The `.with_channels(N)` method exposes `N` texture/sampler pairs in Group 2, making them globally accessible to **all passes** of a multi-pass shader. This is the preferred way to pipe in video, webcam feeds, or static images into complex simulations.

- *Example: `fluid.rs` uses `.with_channels(1)` to feed a video into its simulation.*

### Audio Spectrum Analysis (`.with_audio_spectrum()`)

Use `.with_audio_spectrum(69)` to **visualize** audio from loaded media files.
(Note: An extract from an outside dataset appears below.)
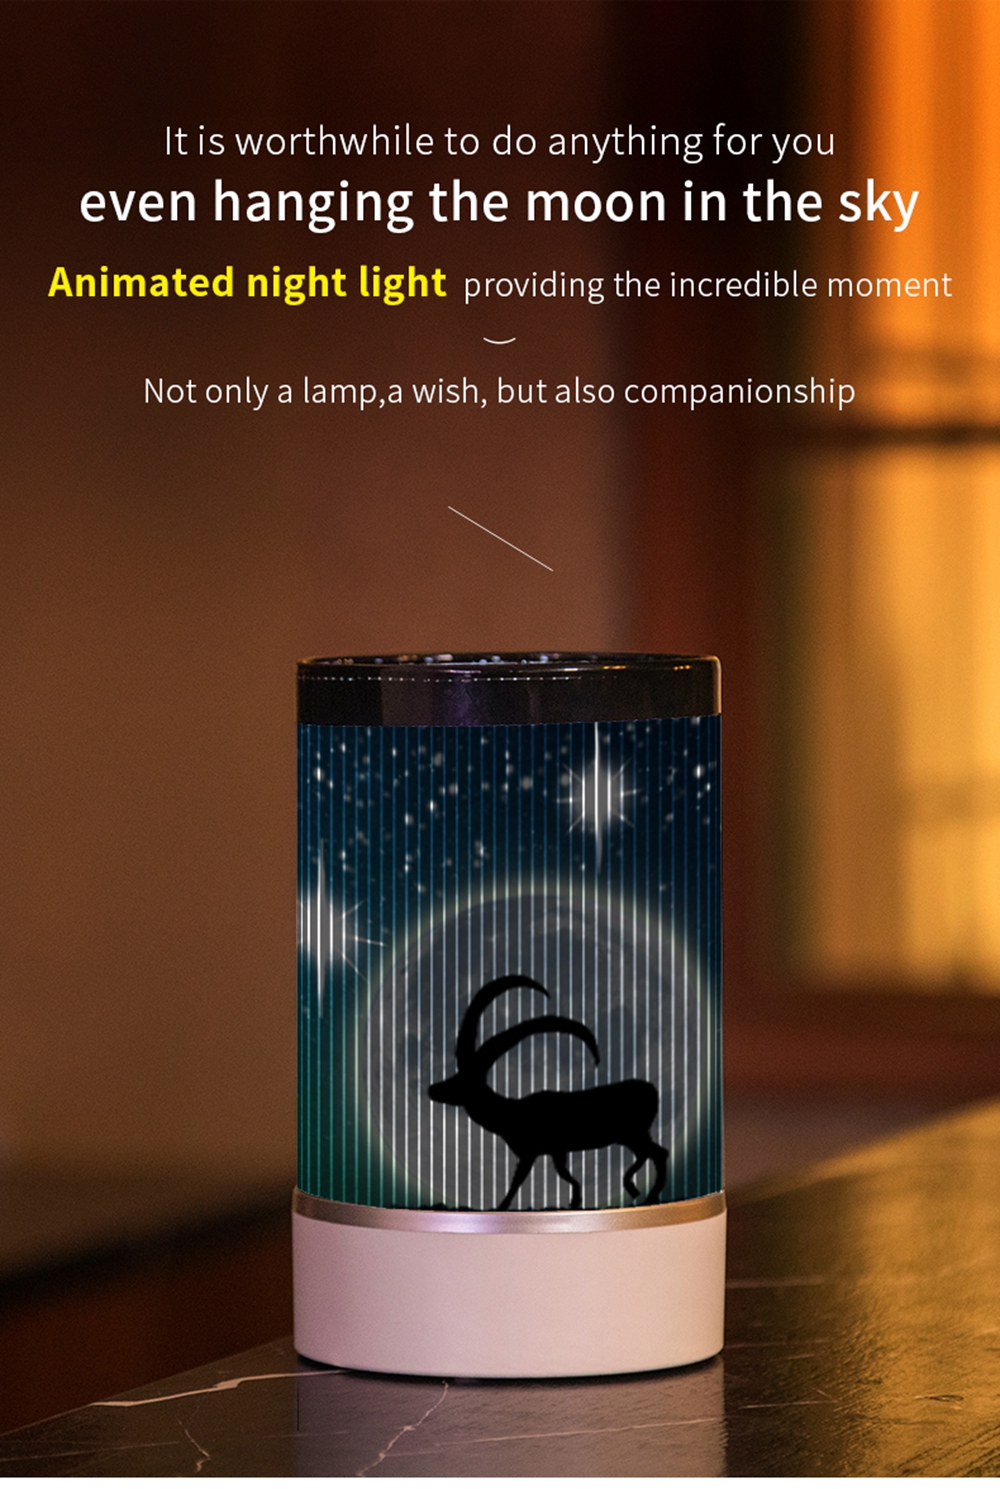 DC5V-USB-LED-4-Pattern-Animated-Night-Light-Remote-Control-for-Kids-Bedroom-1577748-1
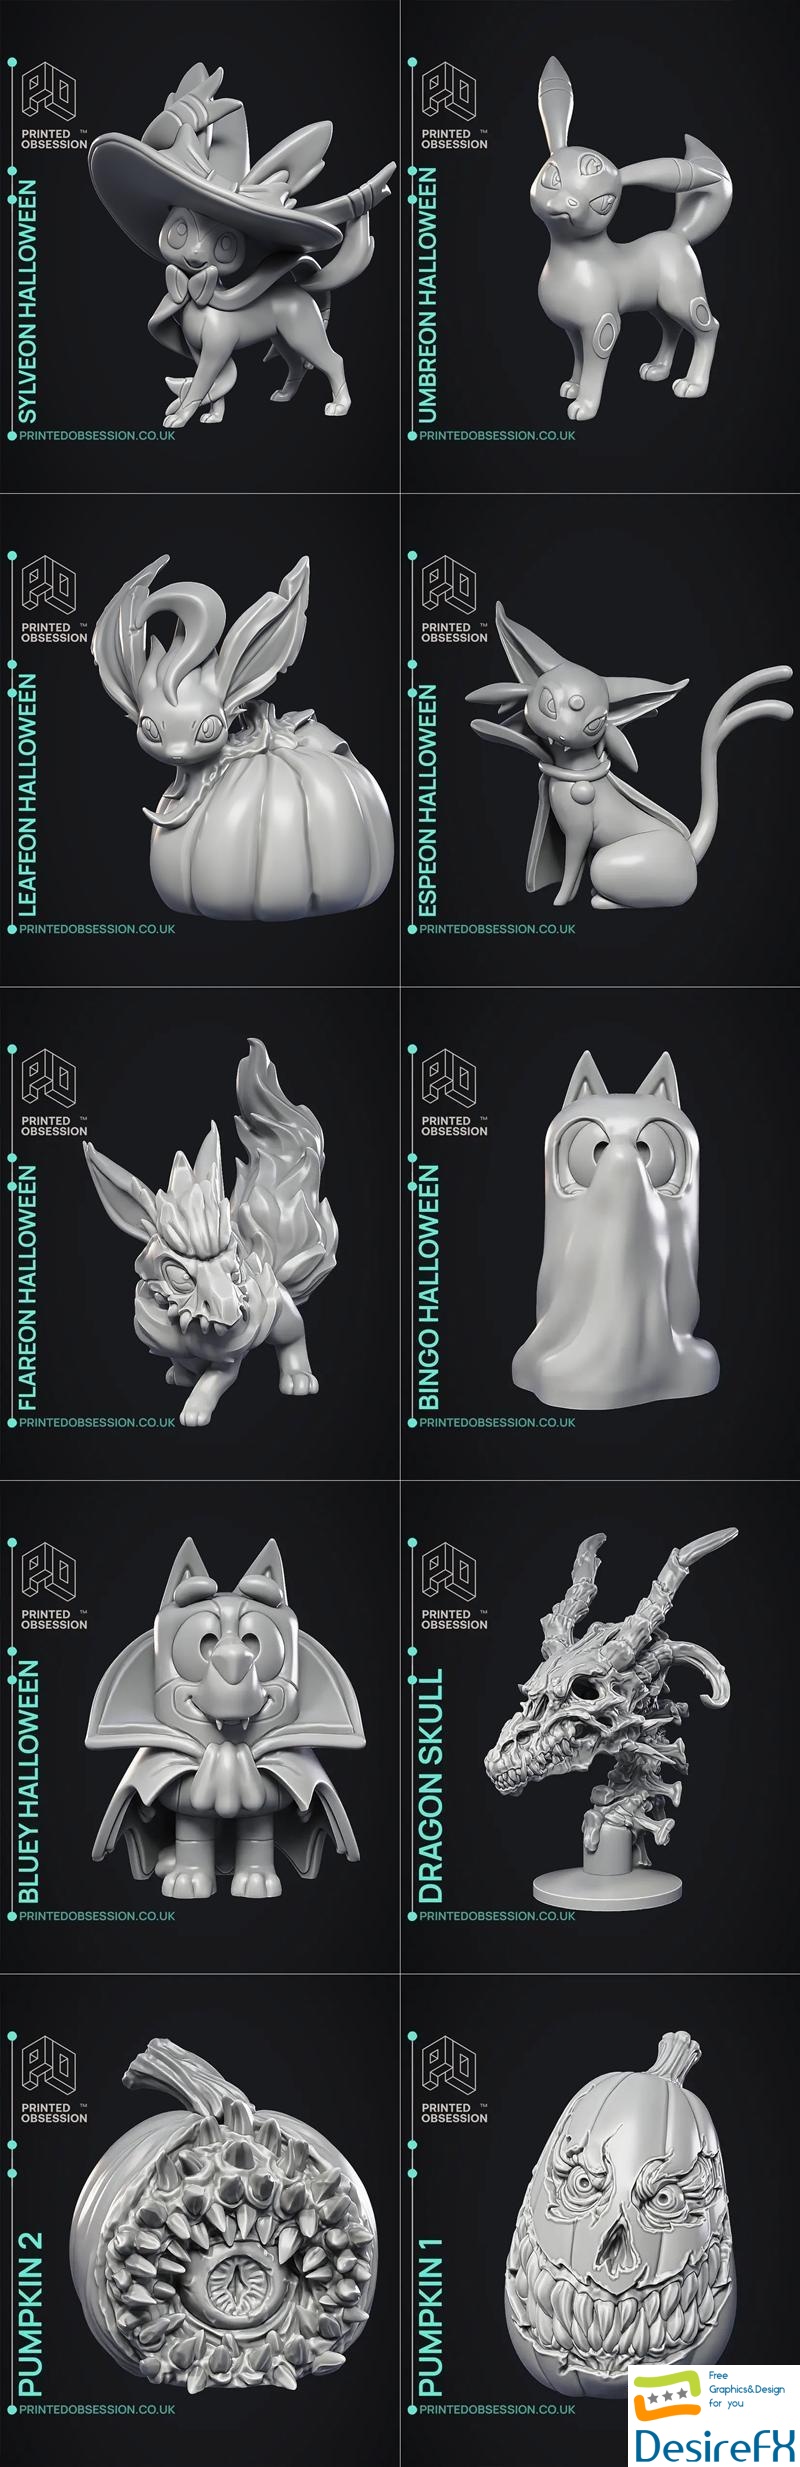 Printed Obsession - Halloween Set 3D Print

GStreamer's spectrum analyzer processes the audio stream and writes frequency data to a GPU buffer that your shader can read.

- **Buffer Layout**:
  - Indices 0-63: frequency band magnitudes (RMS-normalized)
  - Index 64: BPM value 
  - Index 65: bass energy (pre-computed, ~0-200Hz)
  - Index 66: mid energy (pre-computed, ~200-4000Hz)
  - Index 67: high energy (pre-computed, ~4000-20000Hz)
  - Index 68: total energy (weighted average)
- **Shader Access**: `@group(2) var<storage, read> audio_spectrum: array<f32>` (read-only)
- **Data Source**: Loaded audio/video files (mp3, wav, ogg, mp4, etc.)
- **Features**: RMS-normalized, real-time BPM detection, pre-computed energy bands
- **Example**: `audiovis.rs` - Spectrum visualizer with beat-synced animations

### Fonts

The `.with_fonts()` method provides texture (see `assets/fonts/fonttexture.png`) needed to render text directly inside your shader

- *Examples: `debugscreen.rs` uses this for its UI, and `cnn.rs` uses it to label its output bars.*